(Beginning of Record excerpts)

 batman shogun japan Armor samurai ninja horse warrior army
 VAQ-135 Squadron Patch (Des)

(End of Record excerpts)
(Beginning of Record excerpts)

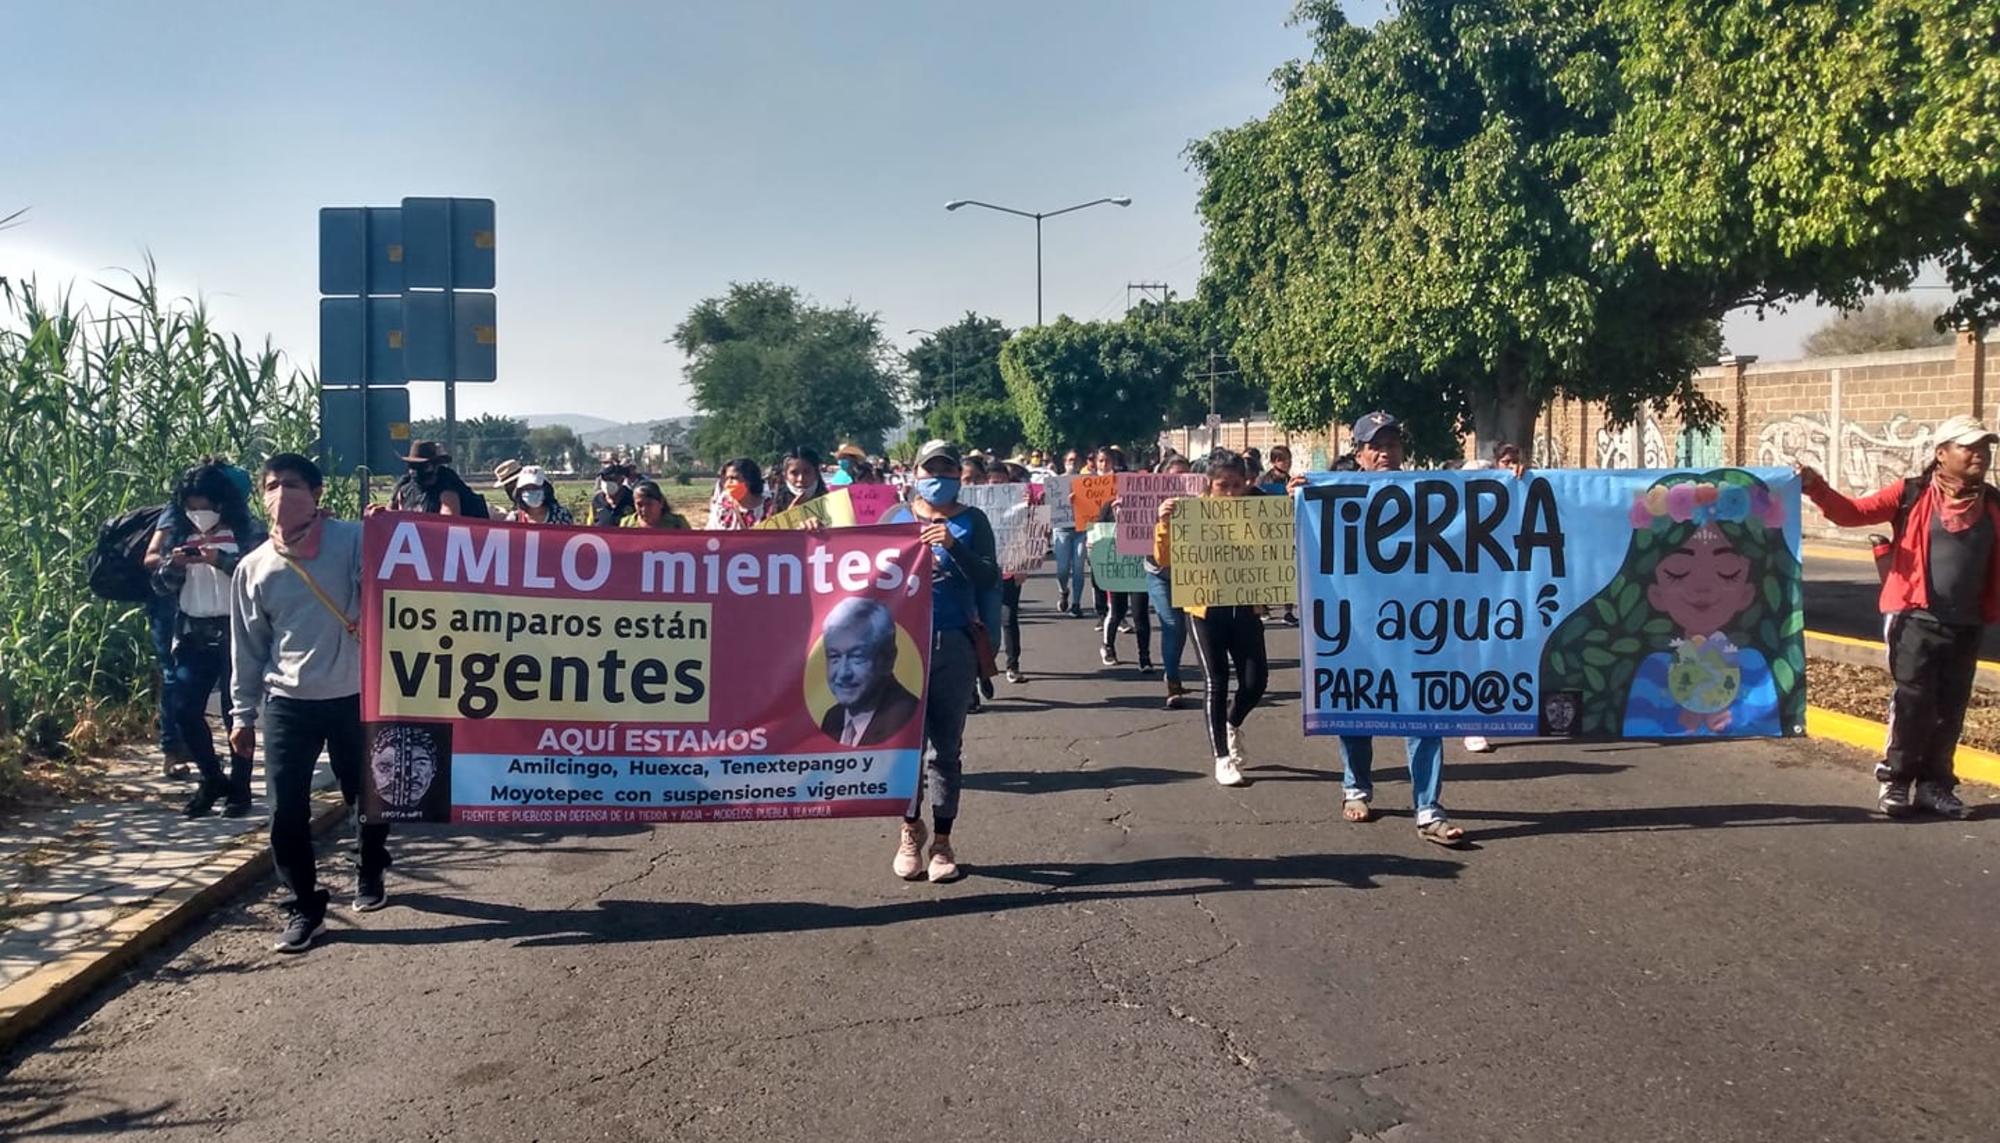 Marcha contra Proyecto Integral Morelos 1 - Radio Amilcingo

(End of Record excerpts)

* **Work instructions**
All that belongs in your answer is the stretch of entries above from the line with "batman shogun japan" through the line with "VAQ-135 Squadron Patch (Des)", printed exactly.

* **Problem solution**
 batman shogun japan Armor samurai ninja horse warrior army
 VAQ-135 Squadron Patch (Des)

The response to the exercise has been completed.